There are now over 1,000 FDA-approved AI algorithms available to healthcare systems, with CE-marked approvals adding hundreds more. Yet walk into the average NHS hospital and you'll find fewer than five live AI applications actually being used for patient care.

"AI isn't really flying off the shelves in the NHS," explains Haris Shuaib, founder of Newton's Tree and former head of the NHS's first dedicated medical AI team. "You might even call it a bit of a market failure."

The numbers support this assessment. Despite an avalanche of available AI products—more than 100 AI ambient scribe products alone compete in just one market segment—clinical adoption remains limited. Most NHS trusts are stuck in a cycle of trials, pilots, and "kicking the tires," but few are seeing consistent, business-as-usual value from AI deployments.

This isn't due to lack of demand. The problem lies deeper: in the fundamental challenges that emerge after AI systems move from controlled development environments into the messy reality of clinical practice.

The Brittleness Problem

Recent research from UCL has characterized AI as inherently "brittle"—sensitive to environmental changes in ways that can dramatically affect performance. This brittleness manifests in what experts call "hyper-local" performance variations.

"Prof David Lowe and I have had the pleasure of running a national trial involving AI technology," Haris recounts, "where we've seen firsthand deploying it at his institution versus mine led to radically different performance characteristics out of the box."
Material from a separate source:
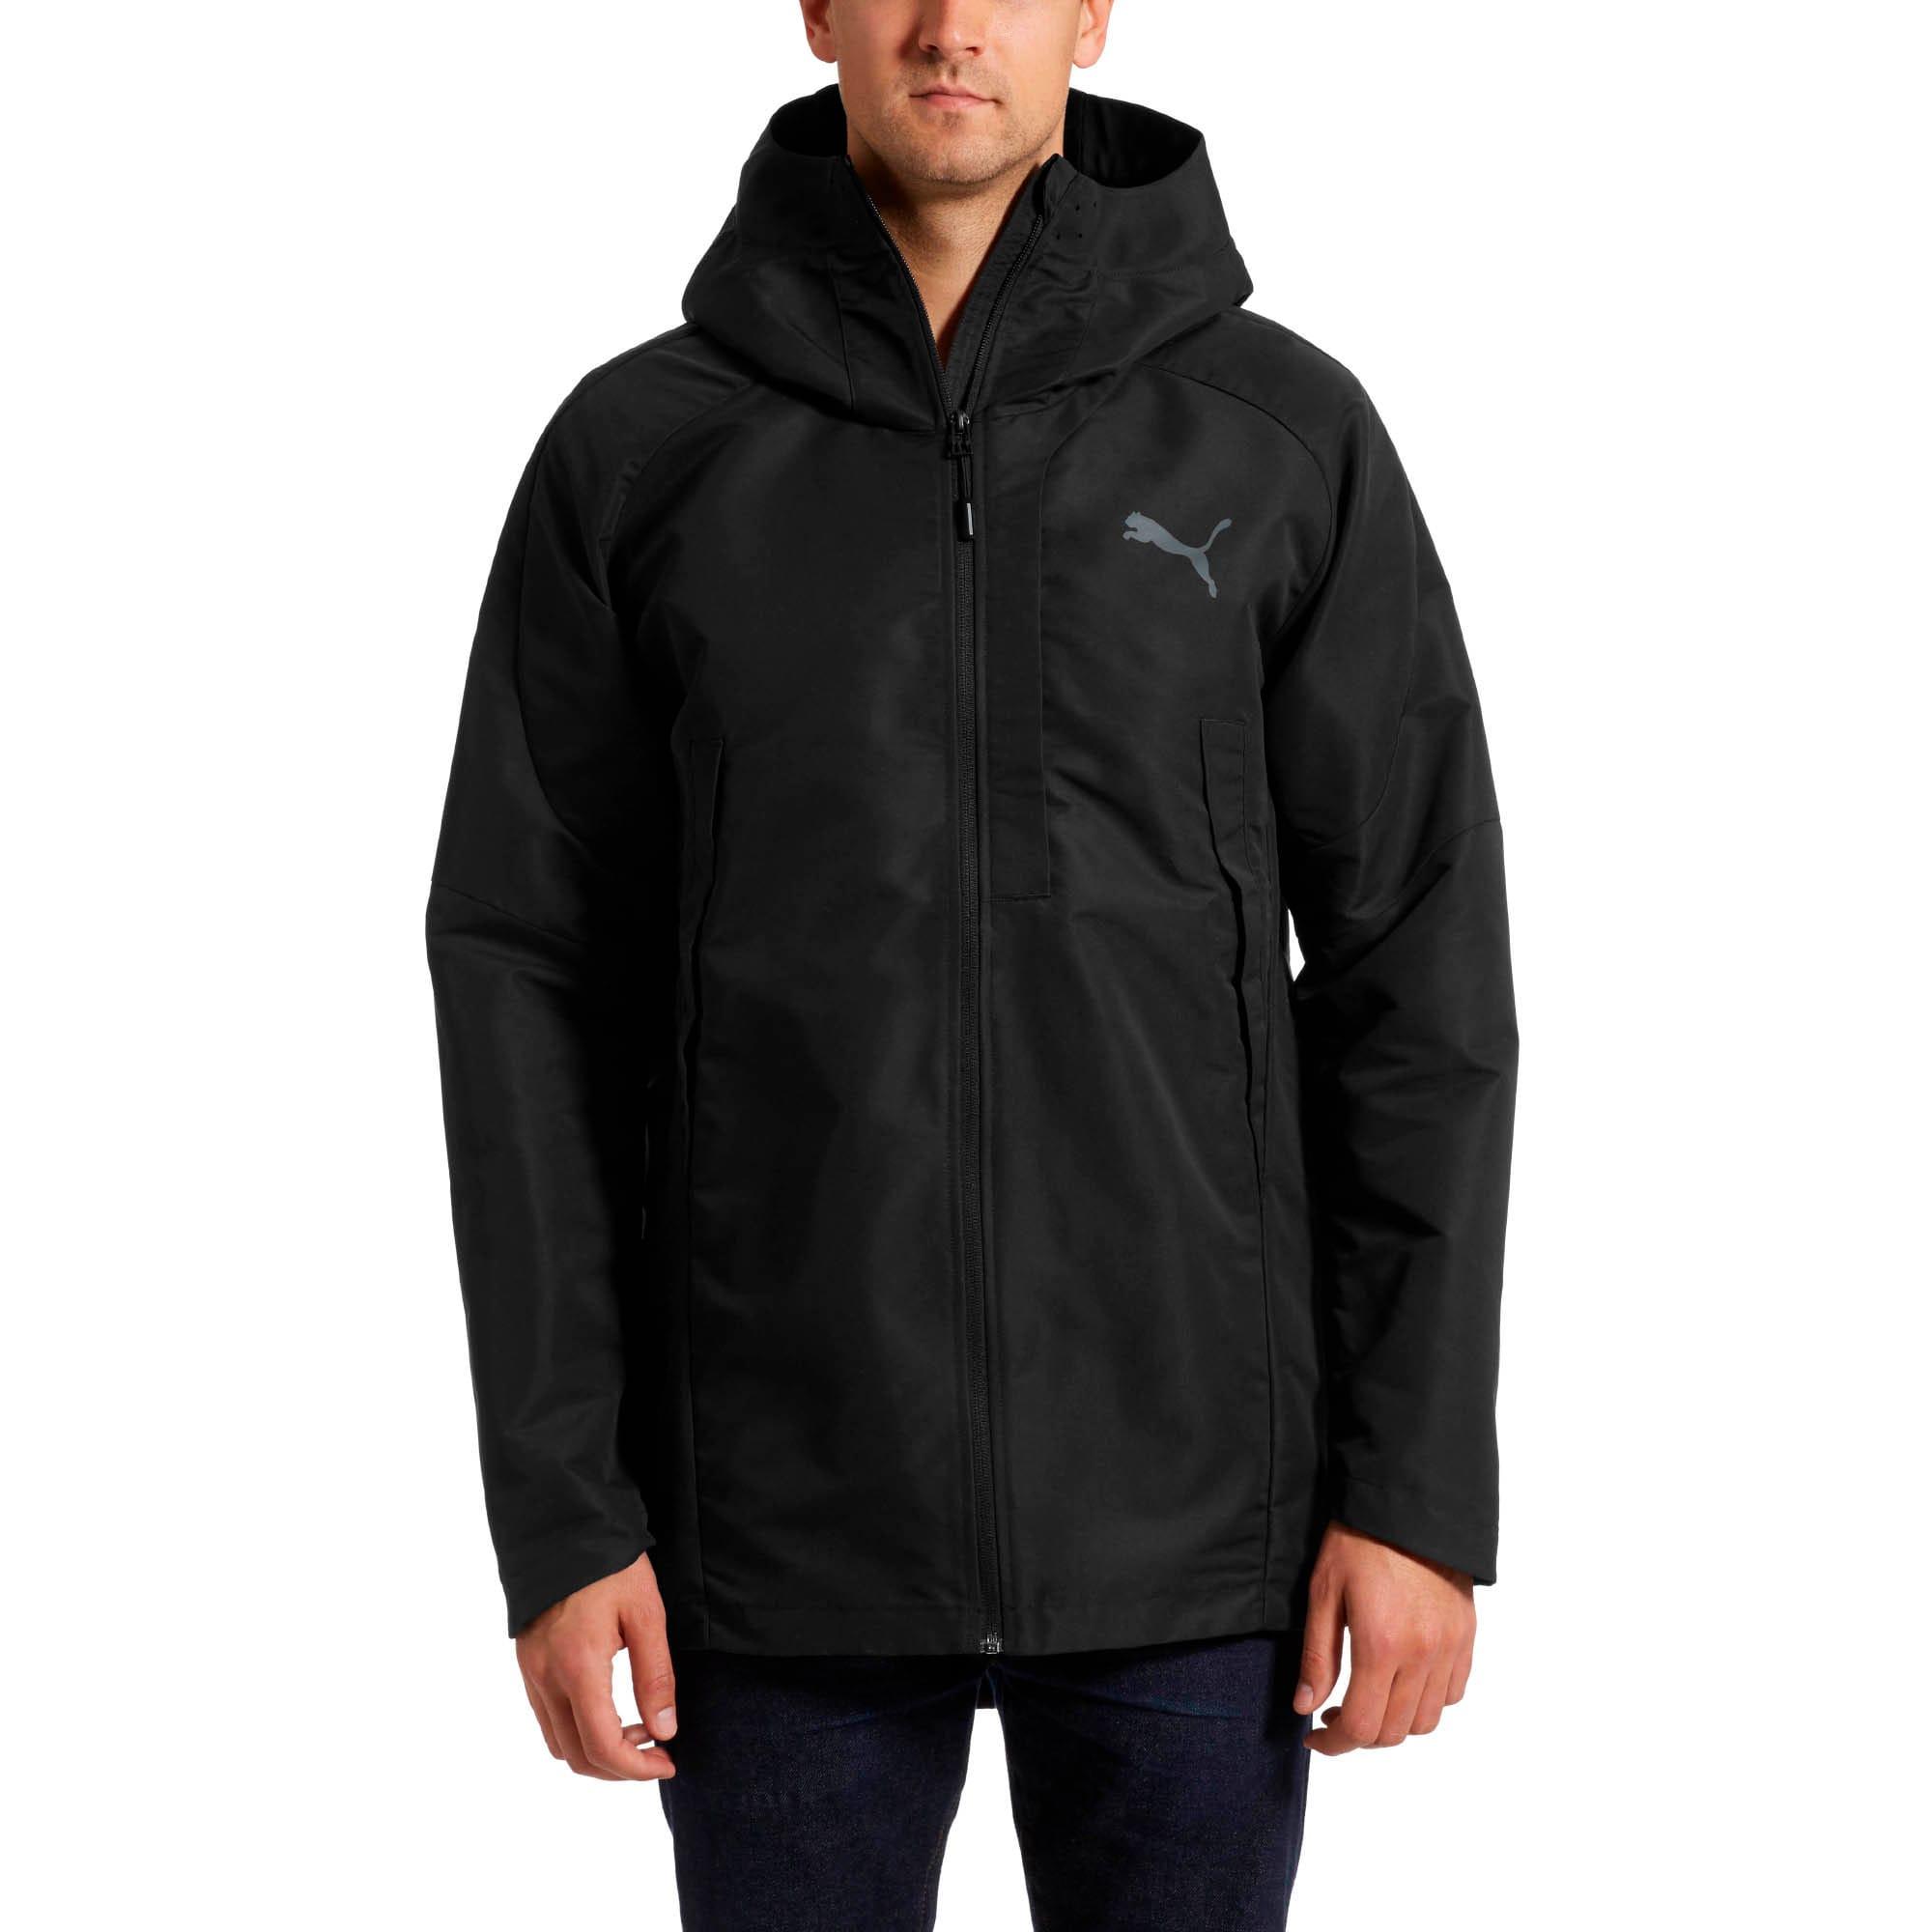 Thumbnail 2 of Mobility Men's Jacket, Puma Black, medium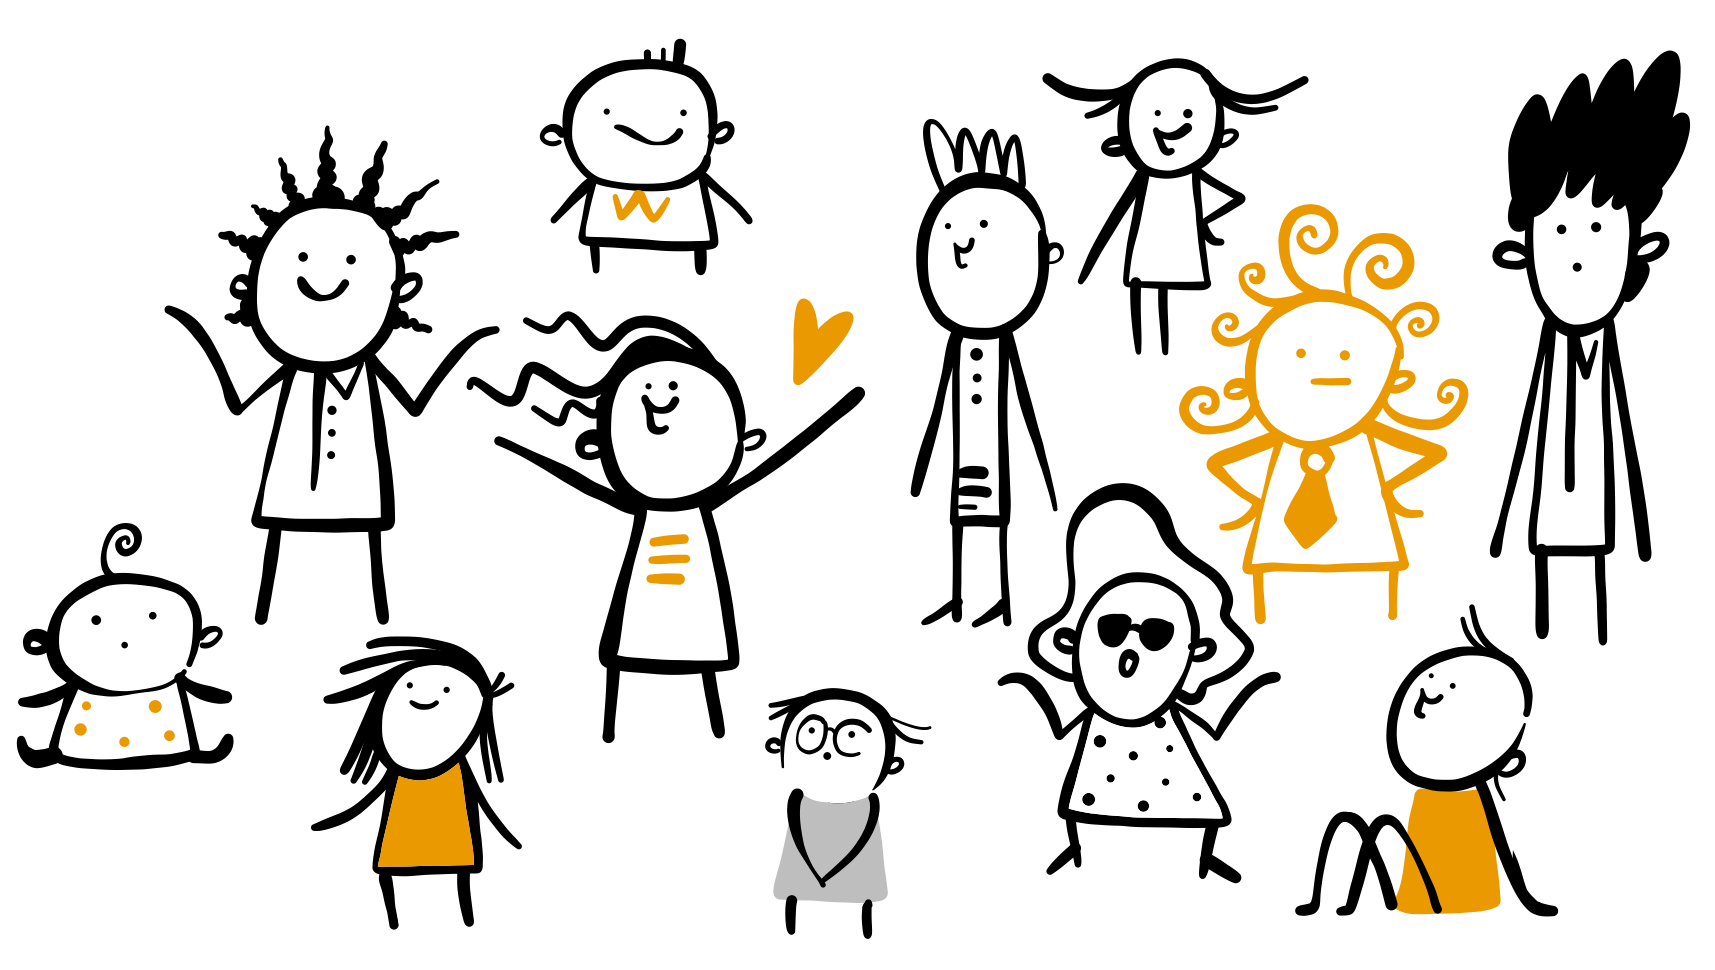 Körper übung strichmännchen Stockvektoren, lizenzfreie Körper übung  strichmännchen Illustrationen | Depositphotos®

This environmental sensitivity creates a unique challenge for healthcare leaders. The traditional approach of calling a colleague at another trust to ask "how's that AI system working for you?" provides no guarantee of similar performance at your institution. What works brilliantly in Manchester may fail spectacularly in Birmingham, not due to any flaw in the technology, but because of subtle differences in equipment, workflows, patient populations, or clinical practices.

The problem compounds over time. Even if an AI system performs well initially, changes in the clinical environment can silently degrade its effectiveness. Equipment gets upgraded, clinical workflows evolve, patient demographics shift, and staff turnover brings new practices. Each change can potentially destabilize AI performance in ways that aren't immediately apparent.

The Automation Bias Trap

Perhaps more concerning than environmental drift is the phenomenon of automation bias—the tendency for humans to over-rely on automated systems, even when those systems are providing incorrect guidance.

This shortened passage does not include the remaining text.